Before getting into the question of whether or not a robot has the right to collectively bargain, I feel that it’s necessary to first address consciousness, our search for sentient beings, and our means of defining sentience. These are, after all, the ultimate questions and, consequently, ultimate drivers of how we’ll answer the question of whether or not robots deserve the right to unionize alongside their fellow workers.
It comes down to, I believe, the old philosophical concept: “Cogito ergo sum.” The phrase’s definition has certainly changed since Descartes’ era and the publishing of his magnum opus Discourse on the Method. ‘I think, therefore I am’ no longer applies to Man in the gender-sense. In fact, it no longer solely applies to mankind in general. What followed mankind was a good portion of the rest of the animal kingdom.
And now, during our current era of exponentially advancing technology, A.I., and digital autonomy, we’re forcing ourselves to rethink again the old 17th-century philosophical concept in order to brace ourselves for the next coming self-aware being – the robot.
But then, where Descartes differentiated conscious thought from the behavior of automata, how then will we approach the question of automata-thought when said automata acquire sentience – self-conscious awareness? Obviously the robot would begin by trying to prove its sentience to the court via the Turing Test. How we would approach a robot seeking approval and validation of what it already knows is an entirely different question. What demands would we necessitate? How constrained should said robot be to be viewed positively under the court’s biased observation?

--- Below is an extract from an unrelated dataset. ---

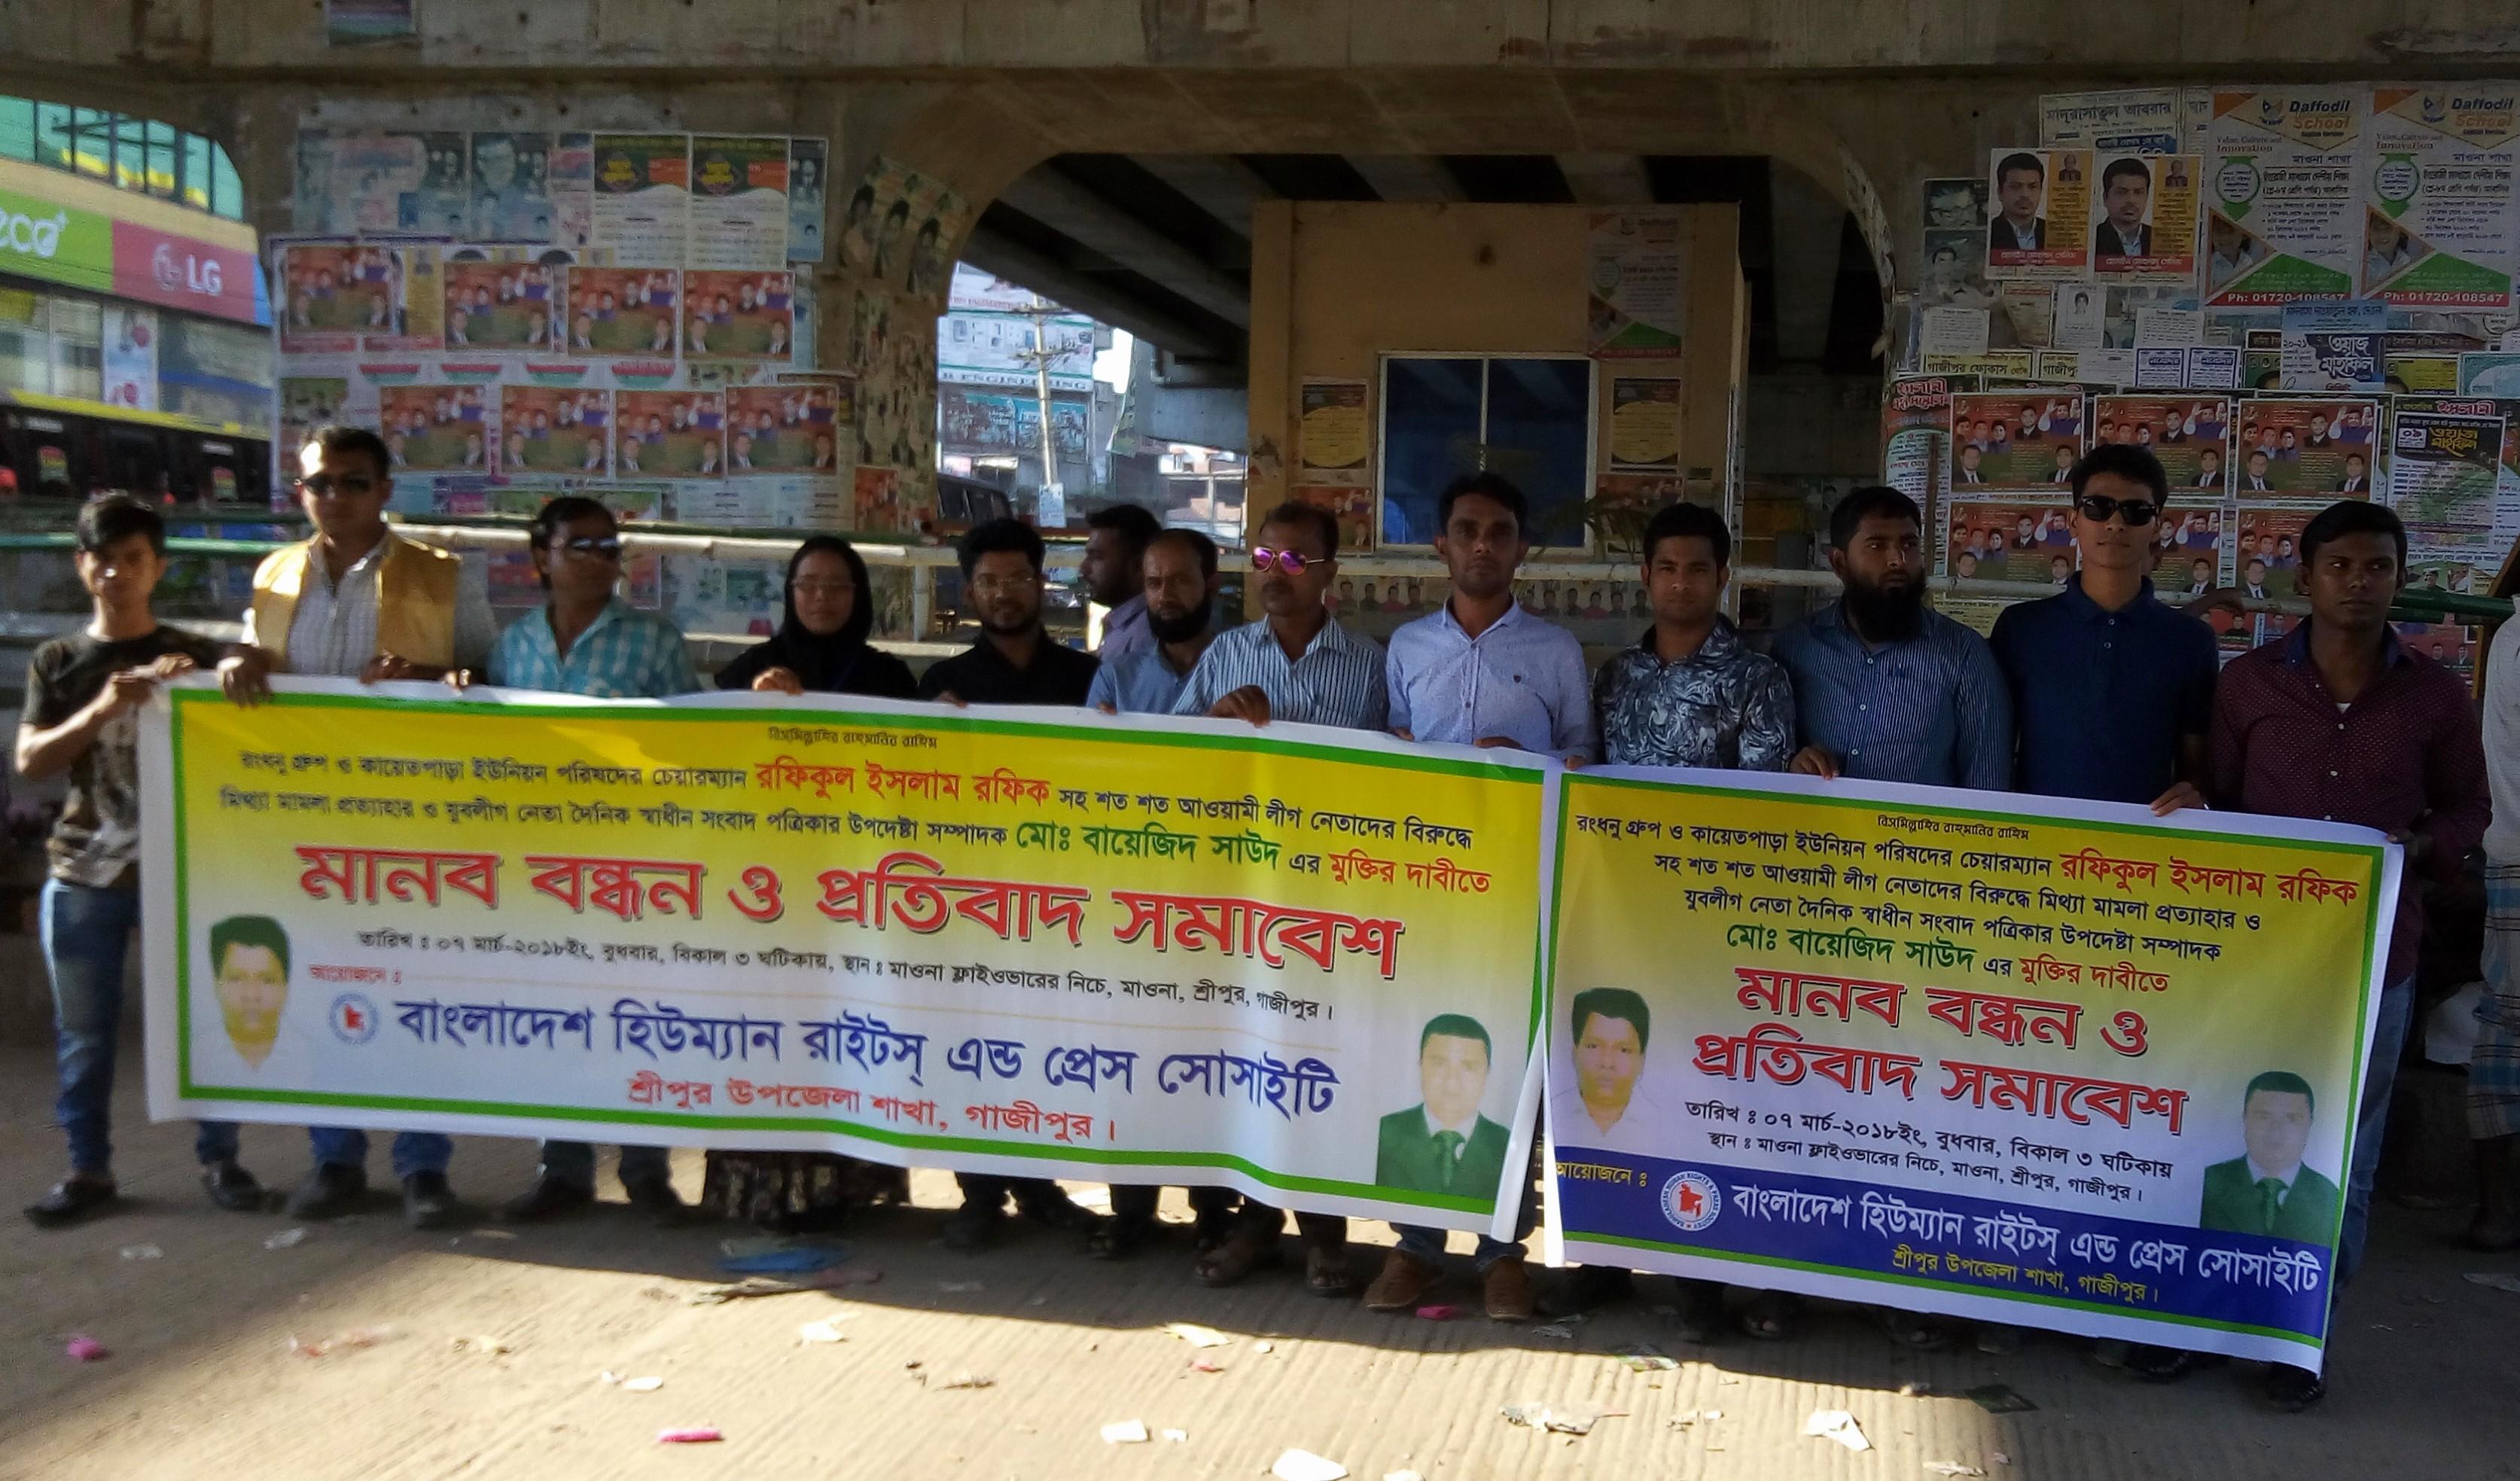 গাজীপুর জেলার শ্রীপুরে মানববন্ধন ও প্রতিবাদ সমাবেশ

Anthropocentrism or Anthropomorphism?
I ask this because, even to this day, we remain fixated on searching for sentience under the “microscope” known as ourselves – our own species. We convince ourselves that there lives a dichotomy between our observations, and the true answer of our curiosity will lie under one side of that dichotomy or the other. This false dichotomy is between Anthropocentrism and Anthropomorphism.
There’s a very thin line between Anthropocentrism and Anthropomorphism, I’ve come to believe. Where the former regards Humans as being the most important sentient being on the planet, the latter still looks to Humans as being the model which everything else should extol and be like. In the end, whatever route you take in your view of all that is nonhuman, Homo sapiens remains the dominant model to “everything a species should be.”

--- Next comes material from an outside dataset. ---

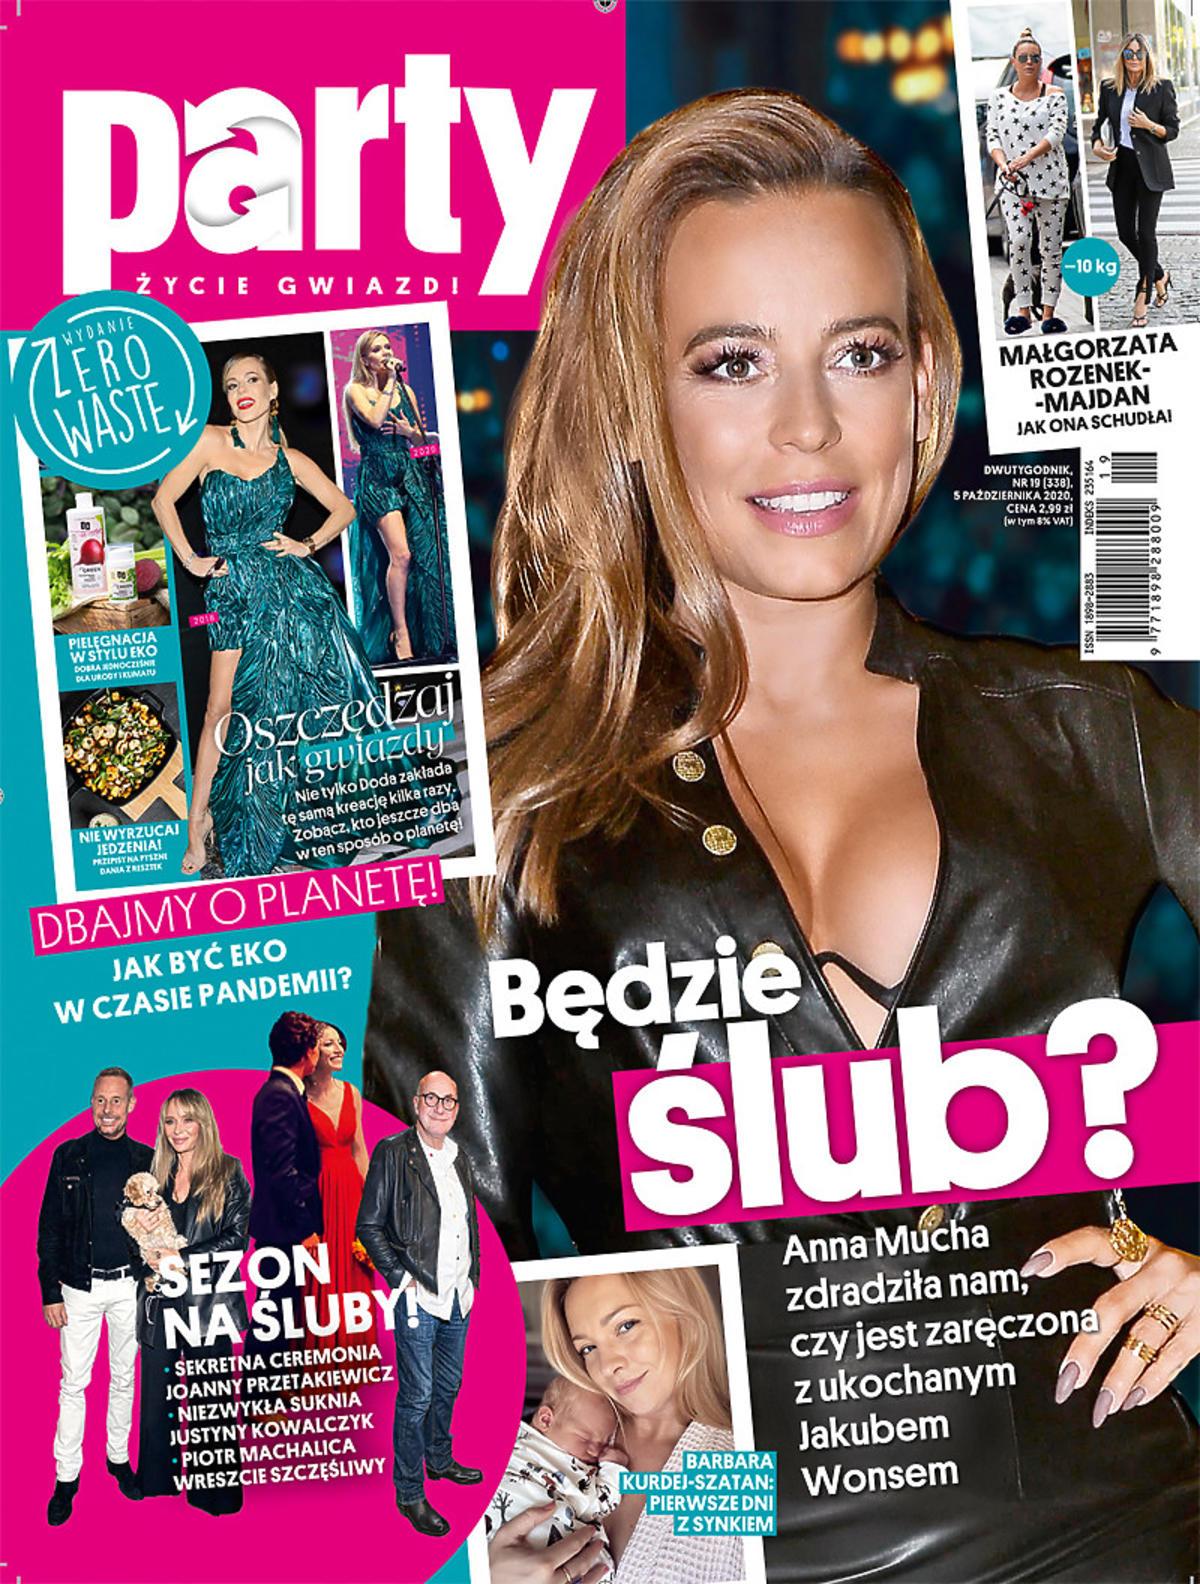 Anna Mucha bierze ślub? Nowa okładka Party

Whenever we search for sentient beings, I believe it’s best that we leave out anything “Human” in our search and instead fixate on consciousness itself. “Cogito ergo sum” should be the dominant means of searching for sentience. As mentioned above, since the coining of that phrase by Descartes, its very definition has changed several times – from including white women, to anyone who wasn’t white, to even several different nonhuman animal species. Meaning, humans weren’t really the “first conscious beings”, thus not necessarily a model of what “should be”.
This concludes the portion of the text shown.